## Try it
Every picture stays out; everything else in the listing below is to be returned exactly.

(Supplied material)

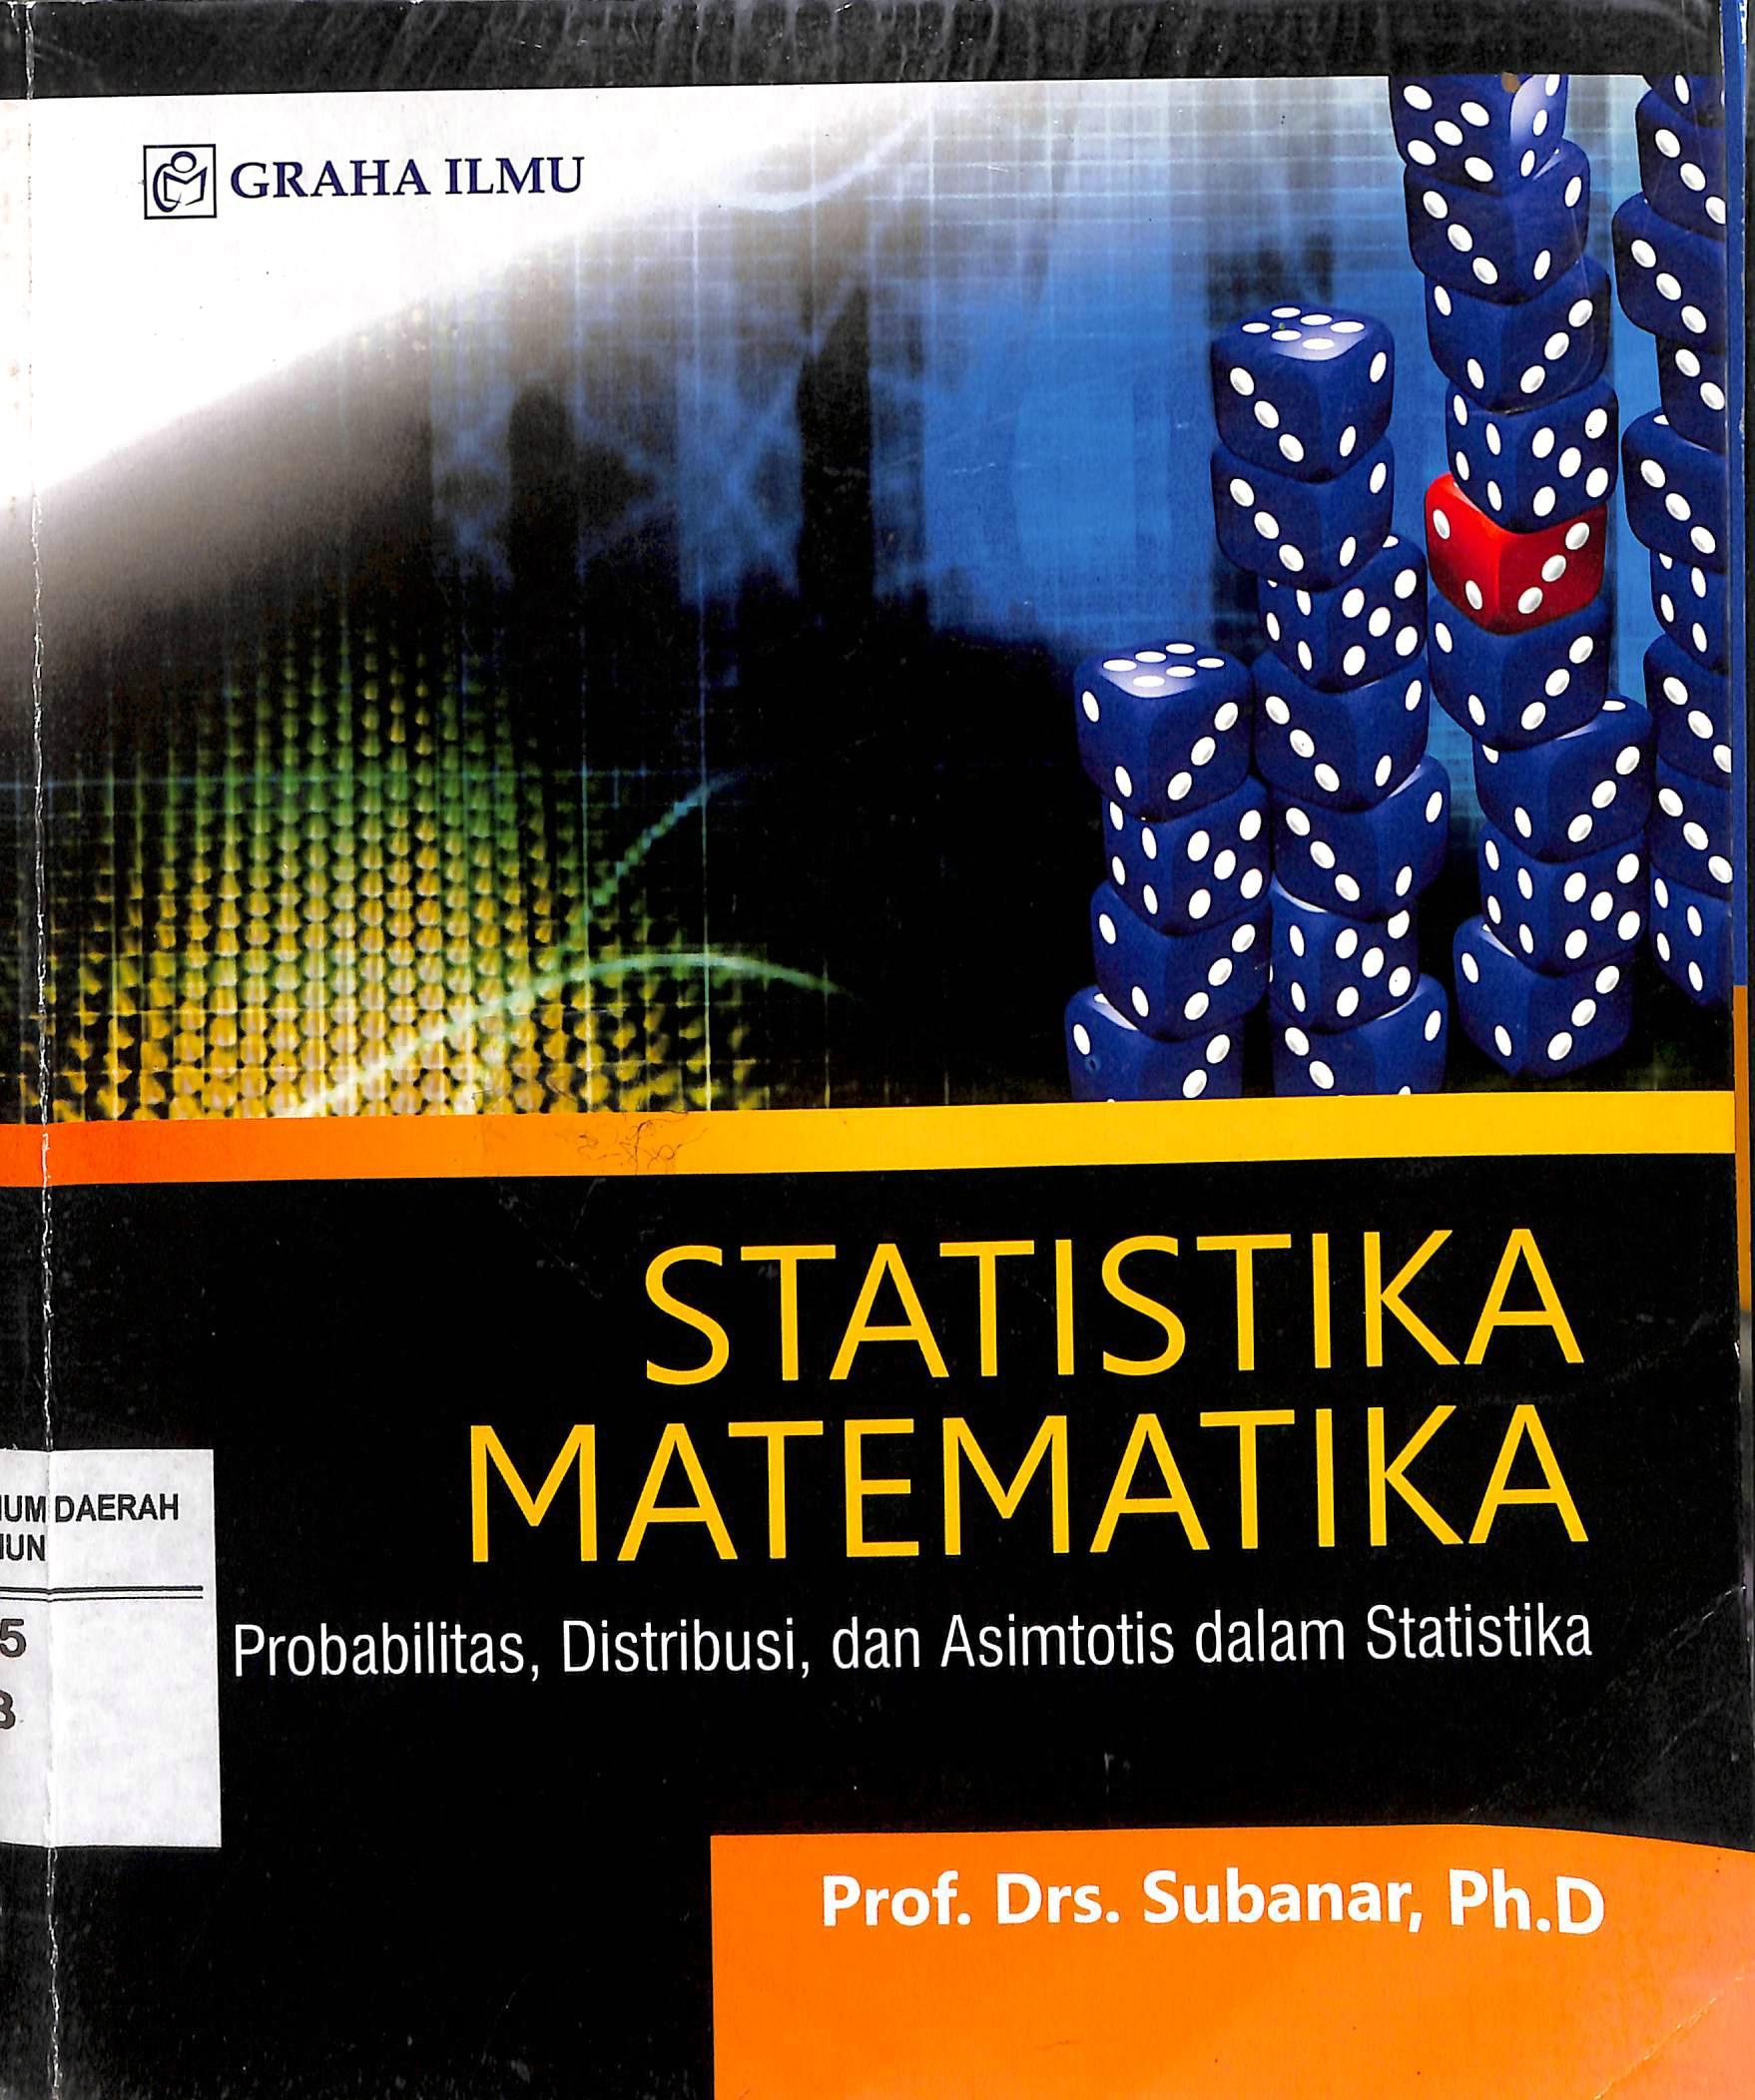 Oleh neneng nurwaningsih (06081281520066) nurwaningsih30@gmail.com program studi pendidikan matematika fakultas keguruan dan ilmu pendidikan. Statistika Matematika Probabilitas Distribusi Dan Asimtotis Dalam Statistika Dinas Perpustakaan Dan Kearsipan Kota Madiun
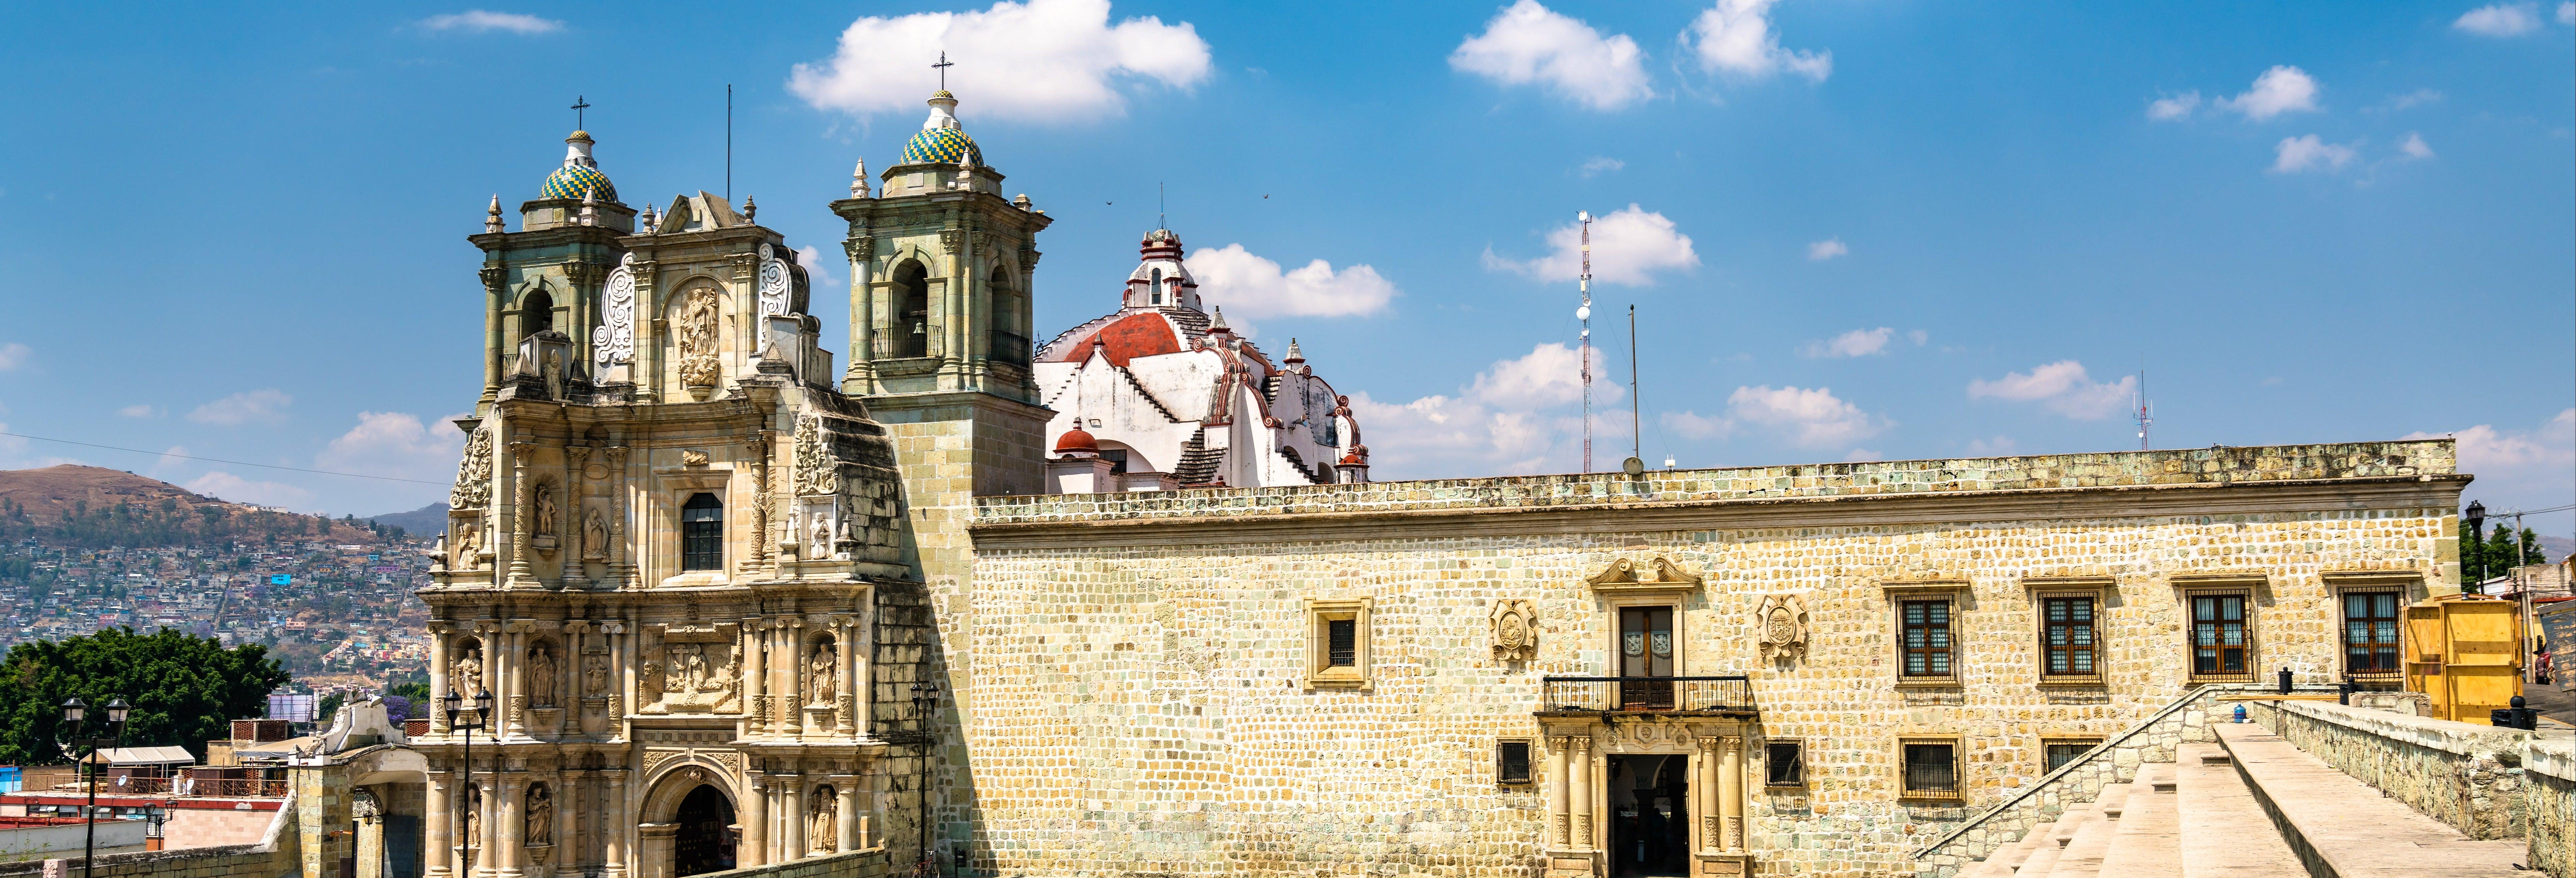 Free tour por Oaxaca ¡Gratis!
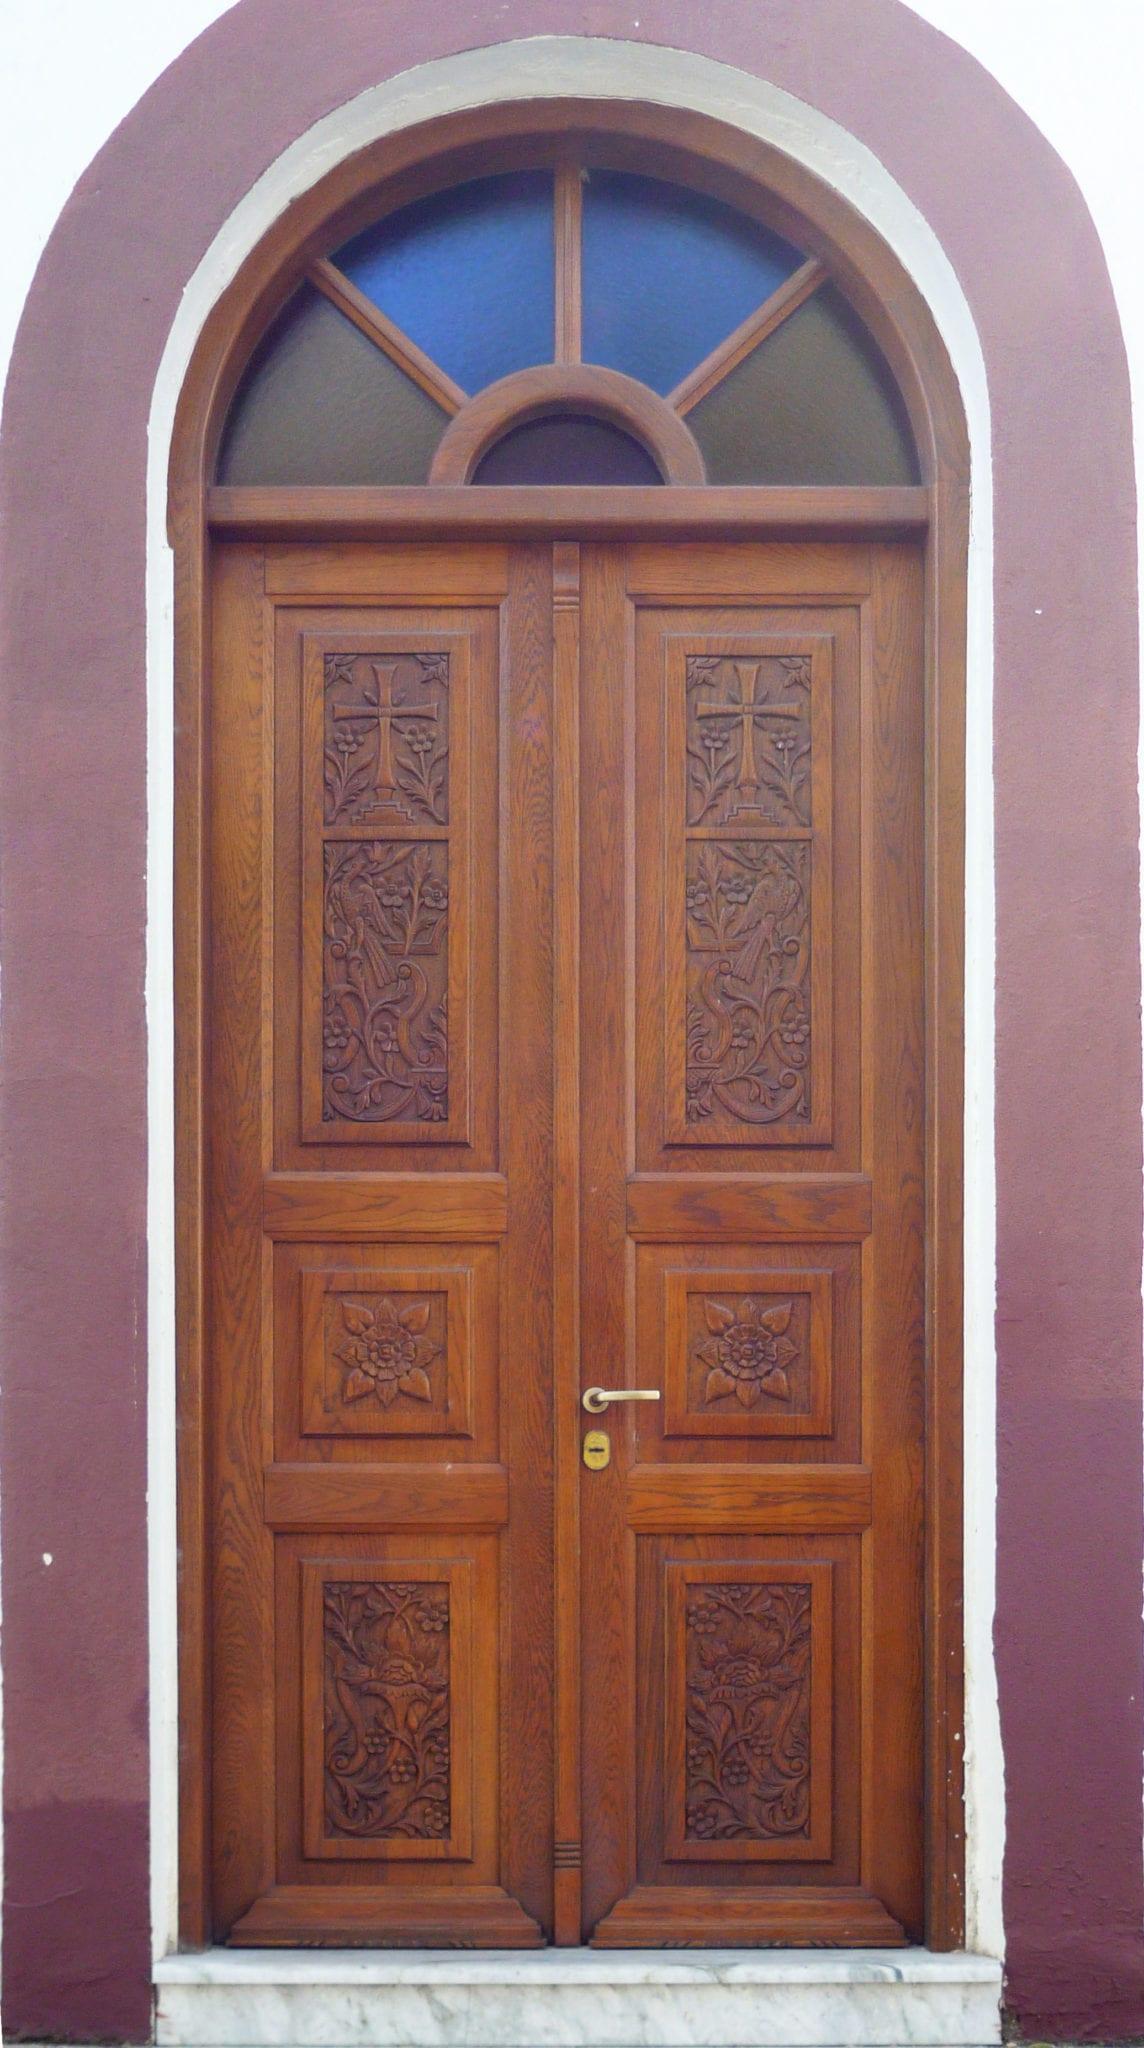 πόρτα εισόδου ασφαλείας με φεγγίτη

(End Supplied material)

## Output for this task
 Oleh neneng nurwaningsih (06081281520066) nurwaningsih30@gmail.com program studi pendidikan matematika fakultas keguruan dan ilmu pendidikan. Statistika Matematika Probabilitas Distribusi Dan Asimtotis Dalam Statistika Dinas Perpustakaan Dan Kearsipan Kota Madiun
 Free tour por Oaxaca ¡Gratis!
 πόρτα εισόδου ασφαλείας με φεγγίτη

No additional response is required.